How to Boost Any Loss Function
Nock, Richard, Mansour, Yishay
Boosting is a highly successful ML-born optimization setting in which one is required to computationally efficiently learn arbitrarily good models based on the access to a weak learner oracle, providing classifiers performing at least slightly differently from random guessing. A key difference with gradient-based optimization is that boosting's original model does not requires access to first order information about a loss, yet the decades long history of boosting has quickly evolved it into a first order optimization setting -- sometimes even wrongfully \textit{defining} it as such. Owing to recent progress extending gradient-based optimization to use only a loss' zeroth ($0^{th}$) order information to learn, this begs the question: what loss functions can be efficiently optimized with boosting and what is the information really needed for boosting to meet the \textit{original} boosting blueprint's requirements?
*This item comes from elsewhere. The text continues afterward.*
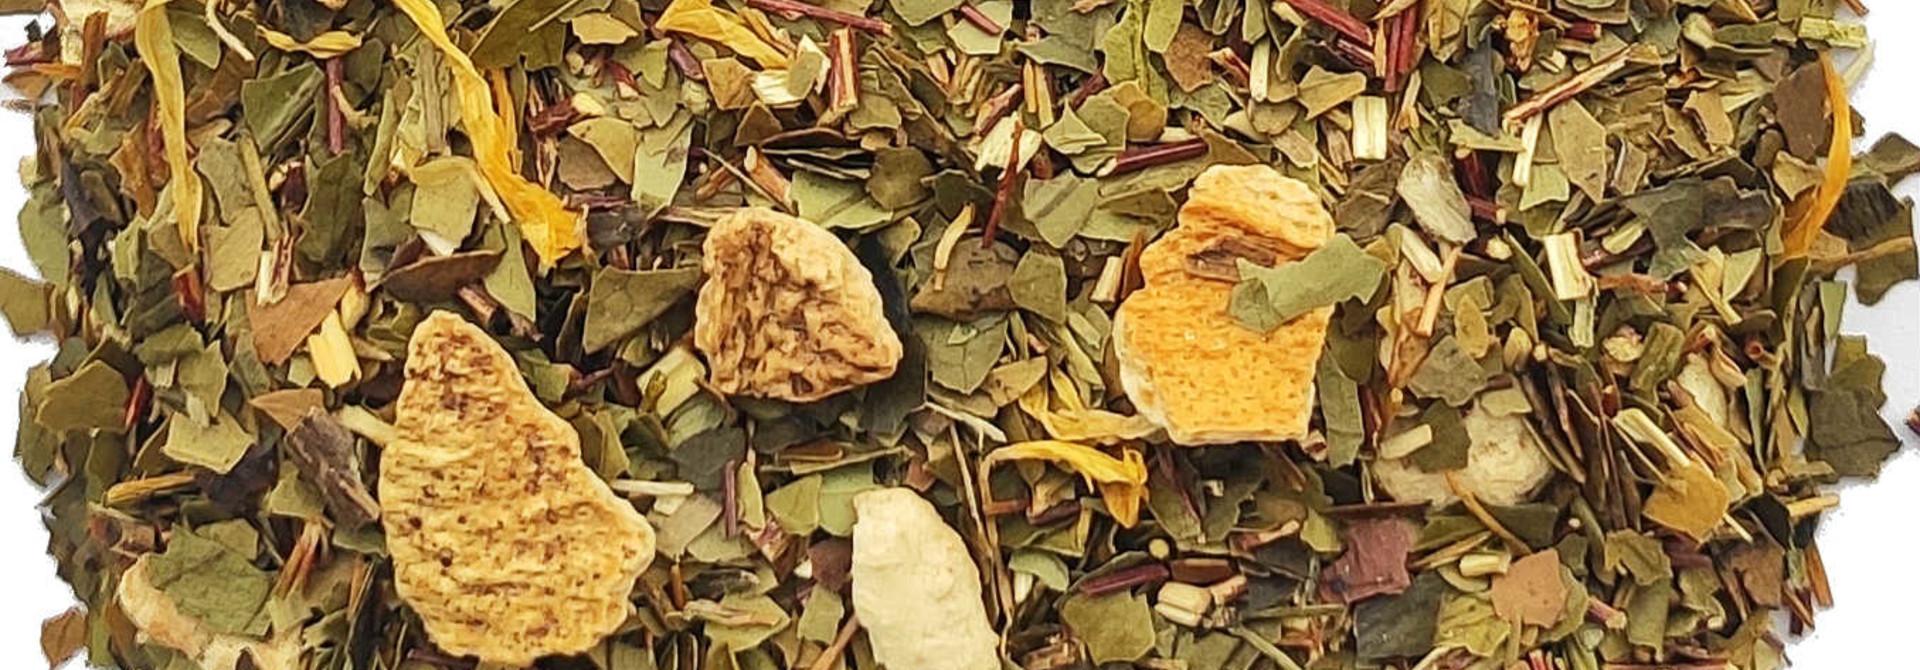 Maté-orange sanguine arôme naturel BIO

We provide a constructive formal answer essentially showing that \textit{any} loss function can be optimized with boosting and thus boosting can achieve a feat not yet known to be possible in the classical $0^{th}$ order setting, since loss functions are not required to be be convex, nor differentiable or Lipschitz -- and in fact not required to be continuous either. Some tools we use are rooted in quantum calculus, the mathematical field -- not to be confounded with quantum computation -- that studies calculus without passing to the limit, and thus without using first order information.